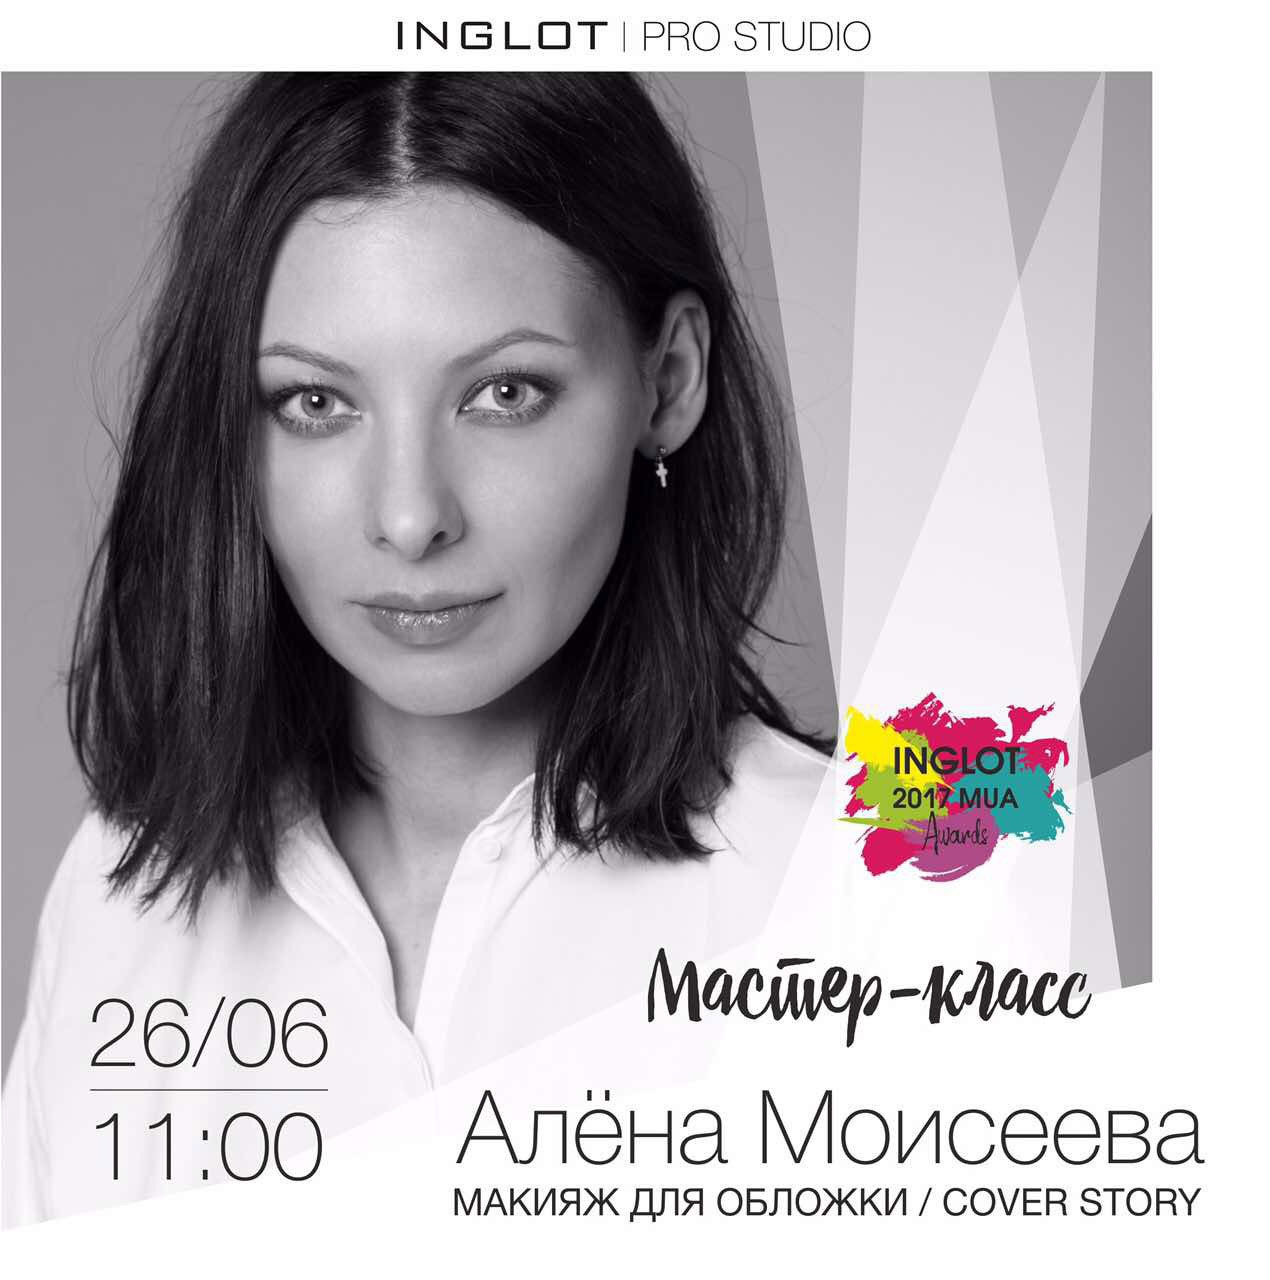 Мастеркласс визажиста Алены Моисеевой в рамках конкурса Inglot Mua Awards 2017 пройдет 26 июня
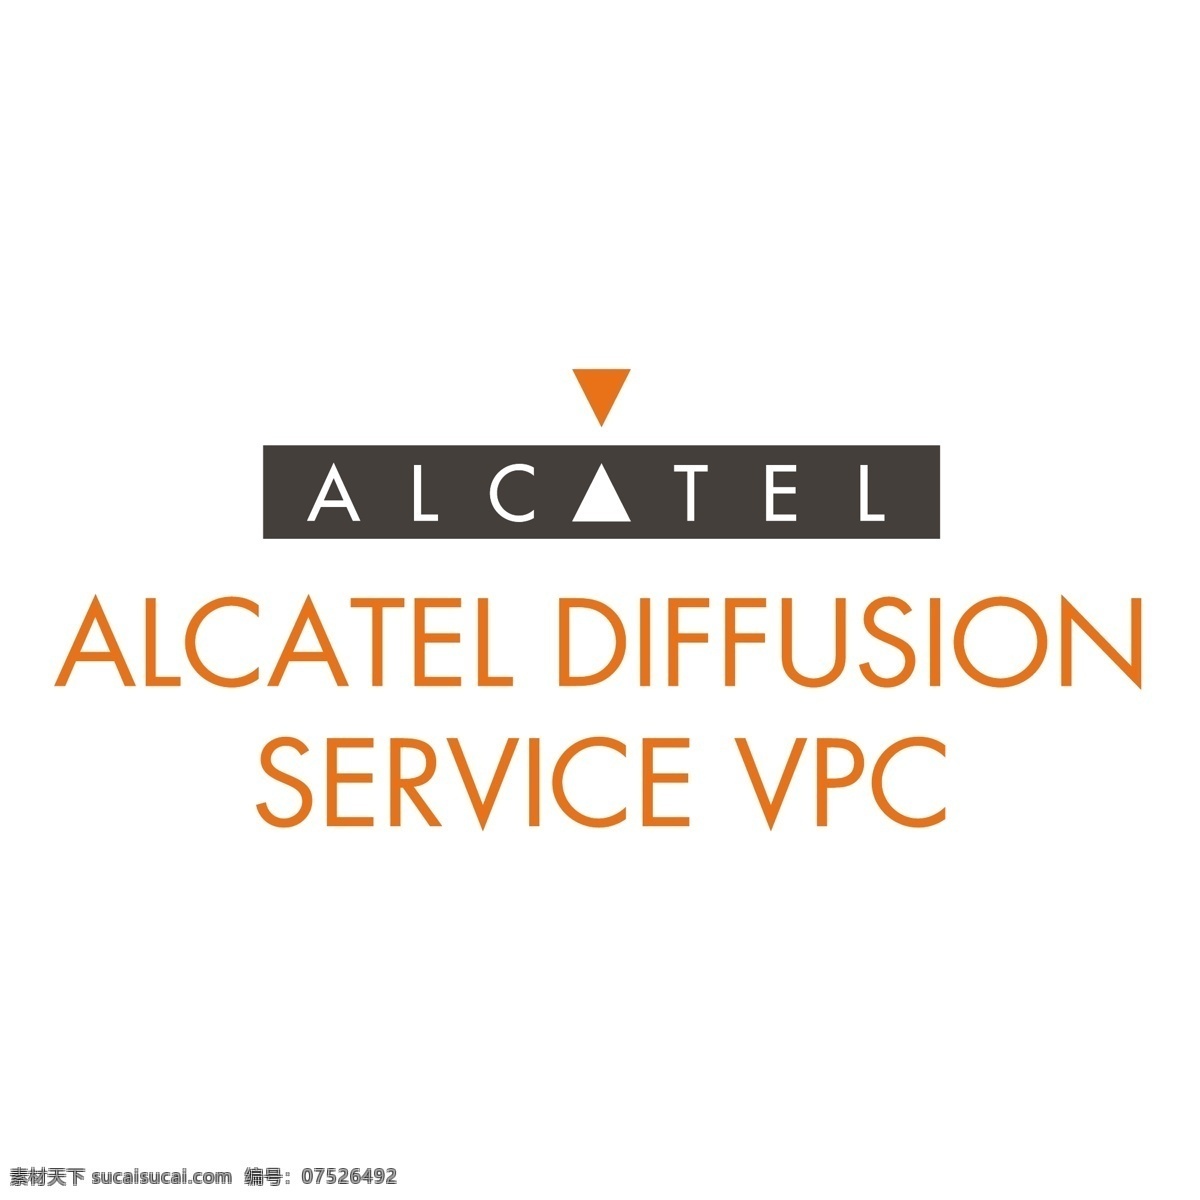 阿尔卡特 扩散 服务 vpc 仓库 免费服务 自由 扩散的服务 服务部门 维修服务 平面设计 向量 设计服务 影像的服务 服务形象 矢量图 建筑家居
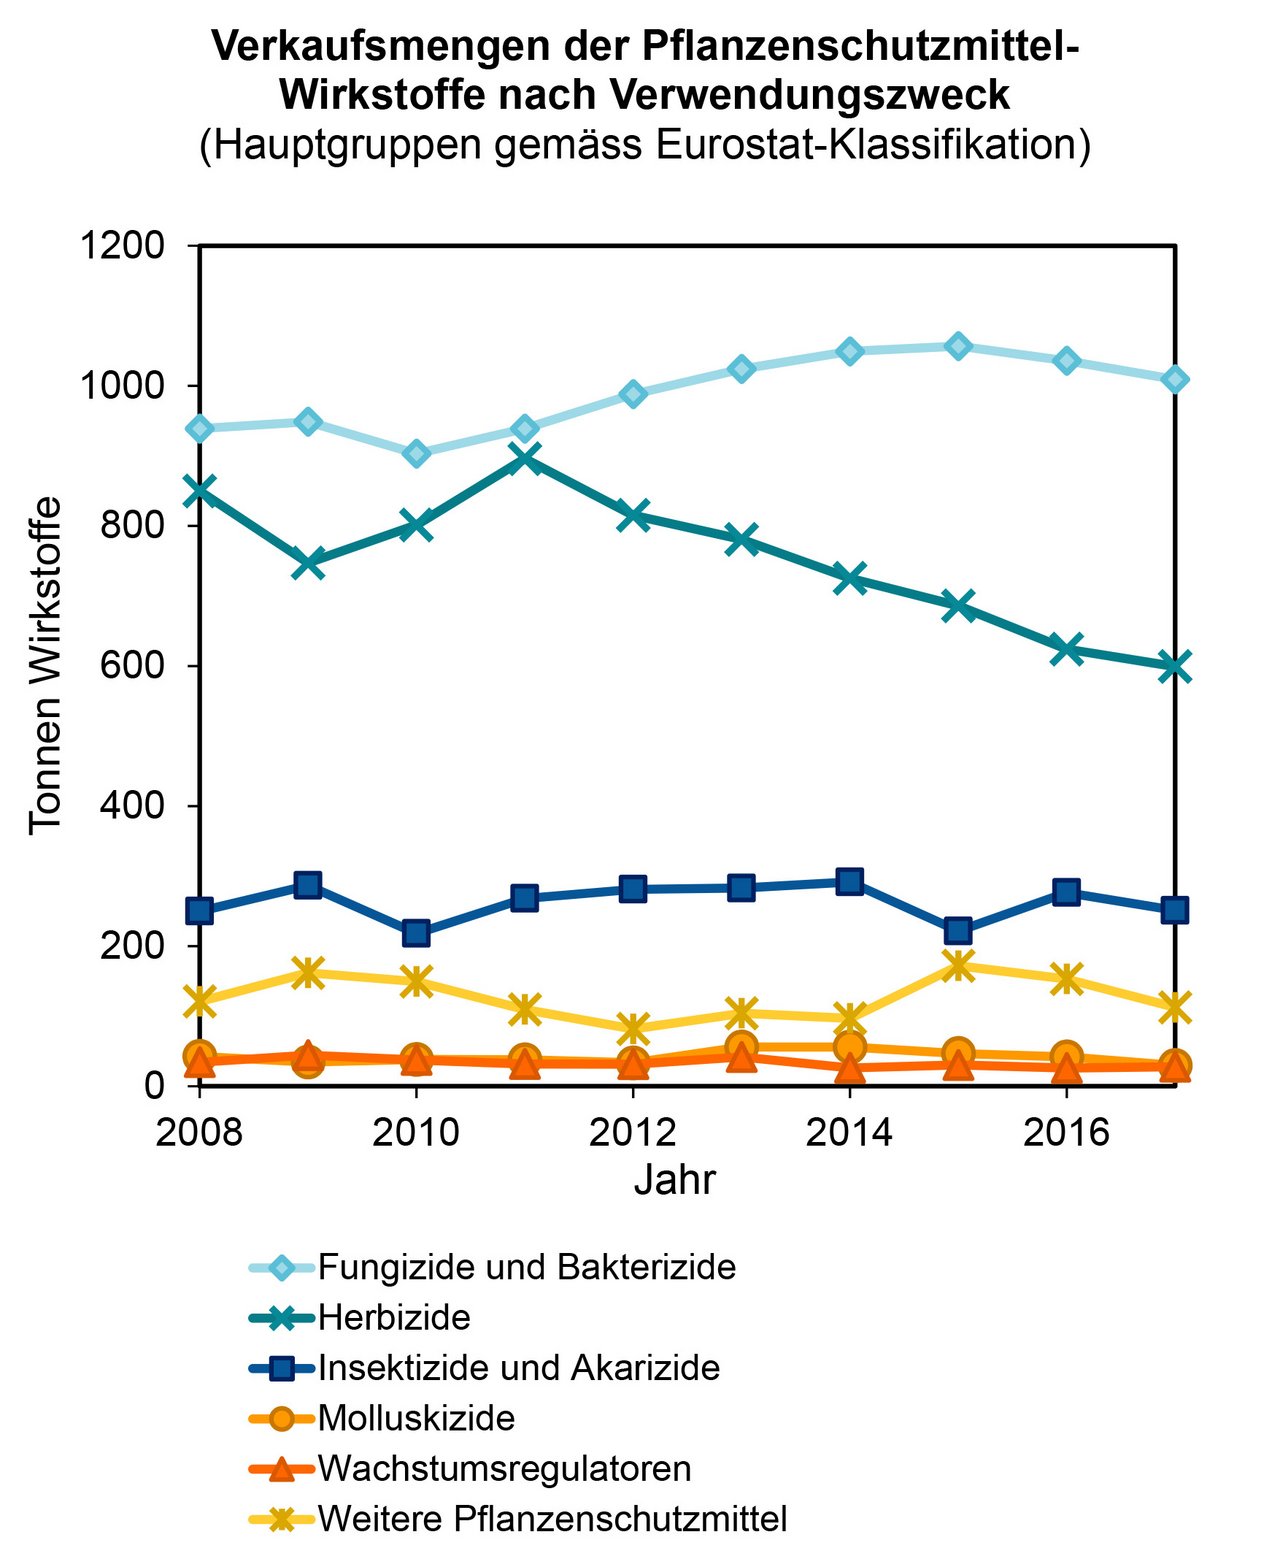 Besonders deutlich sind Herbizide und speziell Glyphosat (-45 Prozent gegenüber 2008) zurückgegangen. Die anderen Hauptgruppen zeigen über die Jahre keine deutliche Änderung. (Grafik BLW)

■ **Problem description**: Would you provide an exact, picture-free copy of the data above?

■ **Reply**:
 Мастеркласс визажиста Алены Моисеевой в рамках конкурса Inglot Mua Awards 2017 пройдет 26 июня
 阿尔卡特 扩散 服务 vpc 仓库 免费服务 自由 扩散的服务 服务部门 维修服务 平面设计 向量 设计服务 影像的服务 服务形象 矢量图 建筑家居
 Besonders deutlich sind Herbizide und speziell Glyphosat (-45 Prozent gegenüber 2008) zurückgegangen. Die anderen Hauptgruppen zeigen über die Jahre keine deutliche Änderung. (Grafik BLW)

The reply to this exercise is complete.